Feel free to use your own data. By default, we will use a toy dataset from Gabrielle Martins van Jaarsveld's SoDa fellowship project on annotating markers of self-regulated learning from student conversation data.

This dataset contains the following columns:

- `id`: The id of the row/conversation/student.

- `conversation`: The text of the conversations based on which specificity scores are derived (by humans or LLMs).

- `score_specificity_llm`: The specificity score of a conversation based on carefully prompted response from LLMs. It varies between 0, 1 and 2.

- `score_specificity_human`: The specificity score of a conversation based on human expert annotators. It is treated as gold standard (i.e., free from measurement error). It varies between 0, 1 and 2.

- `performance`: The academic performance of a student, varying from 1 to 10.

Load the data into a dataframe.

In [None]:
# Download our example data
data_url <- "https://sodascience.github.io/workshop_llm_data_collection/data/srl_data_example.csv"

# Read CSV into dataframe
df <- read_csv(data_url)

Note that only the first 10 rows contain the text of the conversations. We will use these texts for the prompting experiments to come.

Display the first 10 rows of the dataset.

In [None]:
head(df, 10)

## Using ellmer to call OpenAI's API

We will be using the R package `ellmer` to perform our prompting experiments. One great advantage of using `ellmer` is that it takes away the trouble of having to learn different LLM APIs. Instead, it allows you to call different LLM APIs (both commercial and open-source) effortlessly (relatively speaking) with very simple modifications of your `ellmer` code!

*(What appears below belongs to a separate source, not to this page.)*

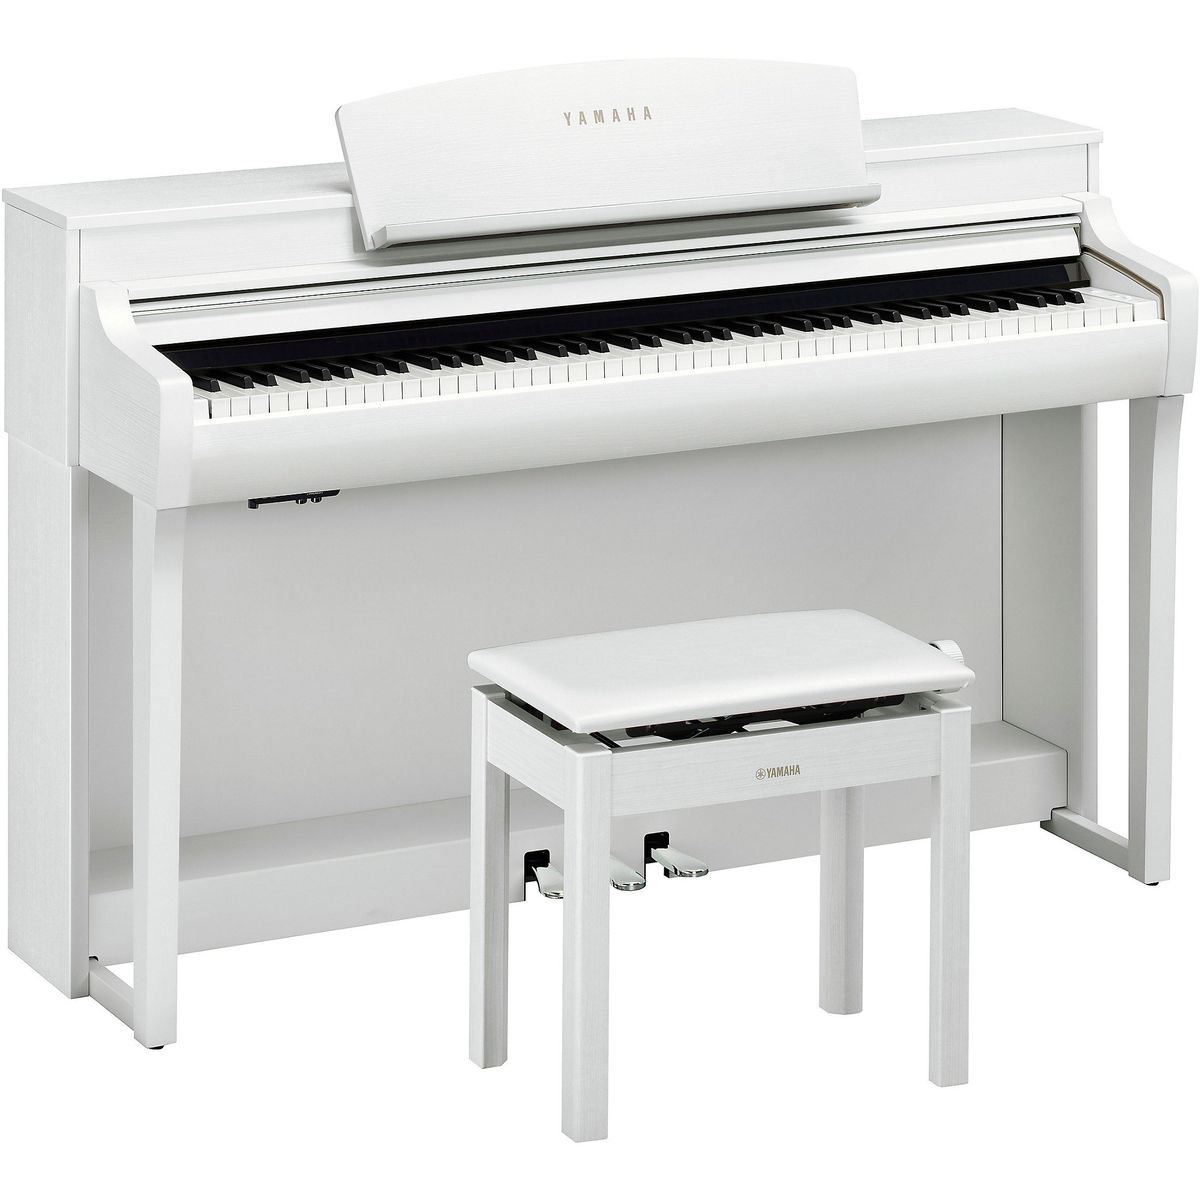 Цифровые пианино Yamaha CSP-255WH (банкетка в комплекте) 88 клавишная клавиатура с электронным пианино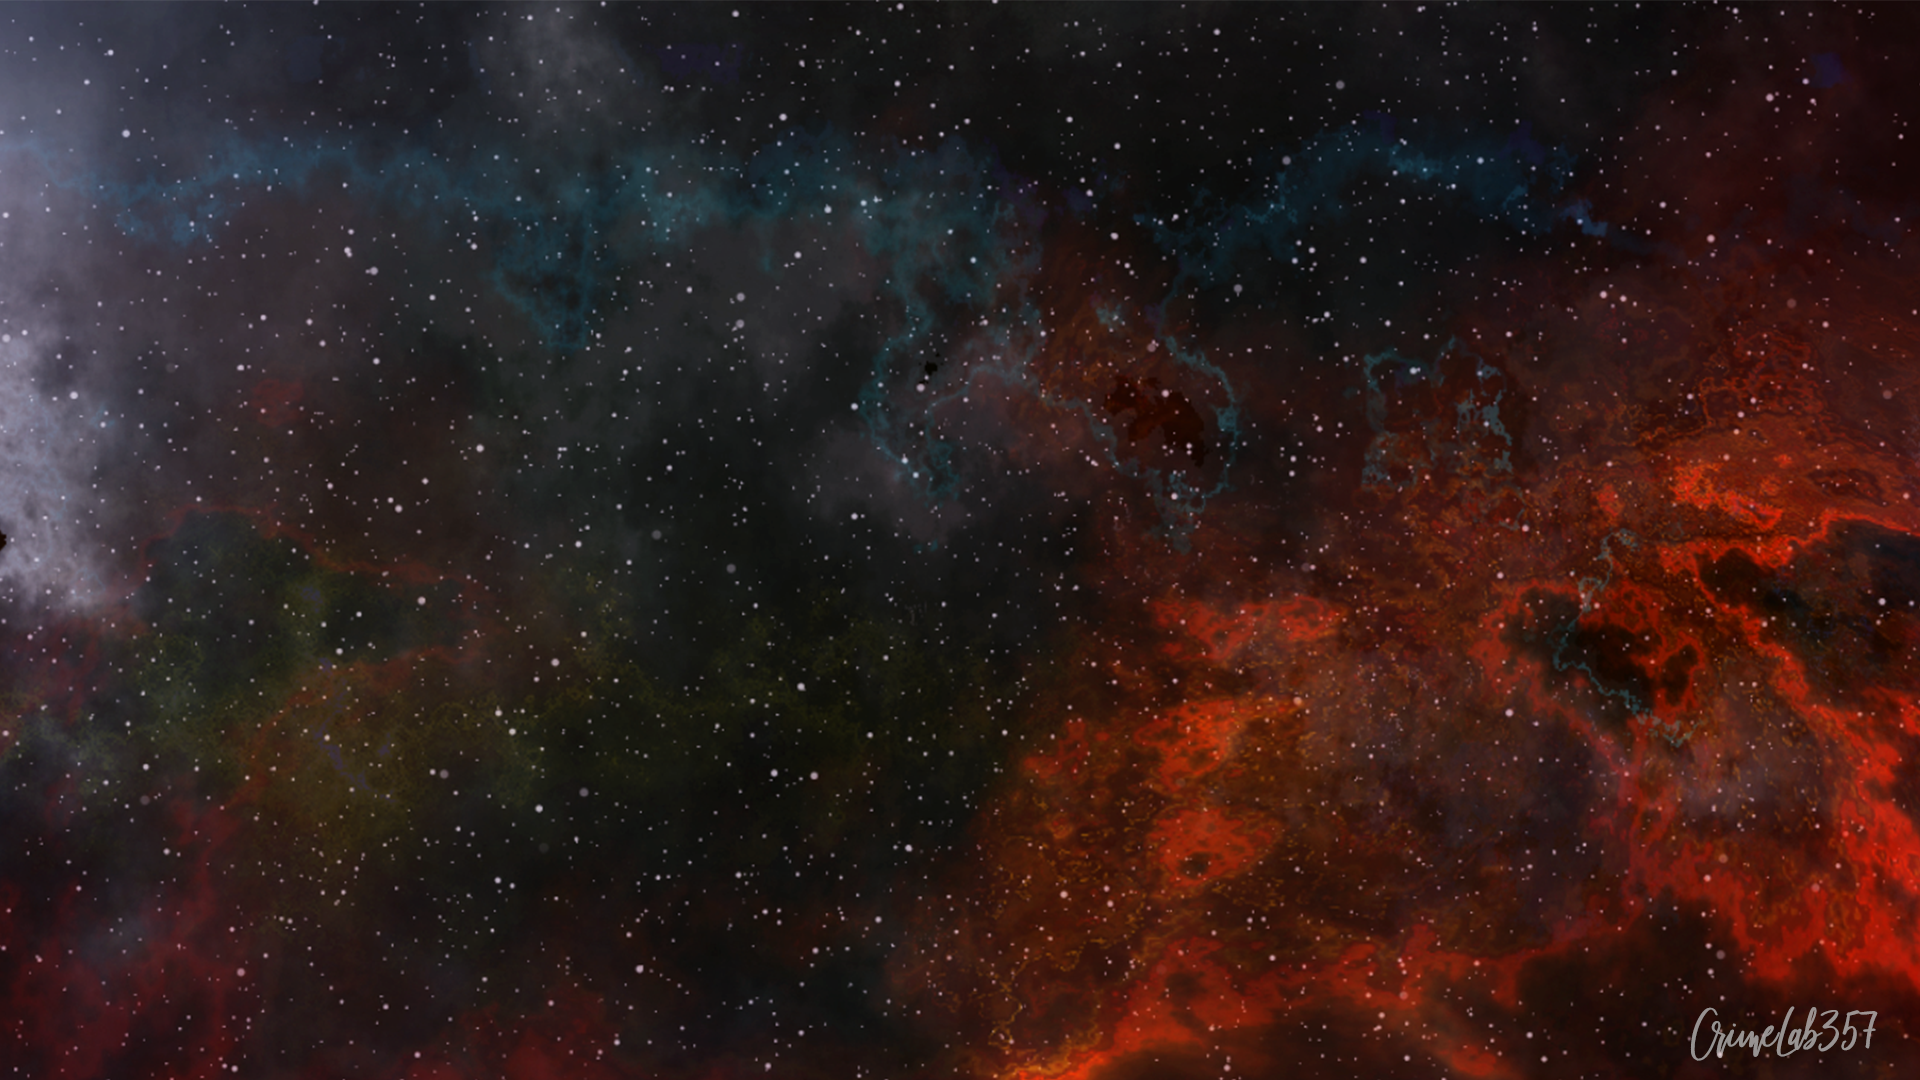 Fantasy Art Digital Art Deep Space Galaxy Nebula Crimelab357 Liam Ragnathsingh 1920x1080

We will be calling OpenAI's LLM in this notebook. Feel free to experiment with other APIs and models! To do so, check out https://ellmer.tidyverse.org/.

Let's first configure your OpenAI API key. Enter when being prompted. Don't have one? Ask the workshop instructors!

In [None]:
# Prompt user for API key
openai_api_key <- readline(prompt = "Enter API key for OpenAI: ")
Sys.setenv(OPENAI_API_KEY = openai_api_key)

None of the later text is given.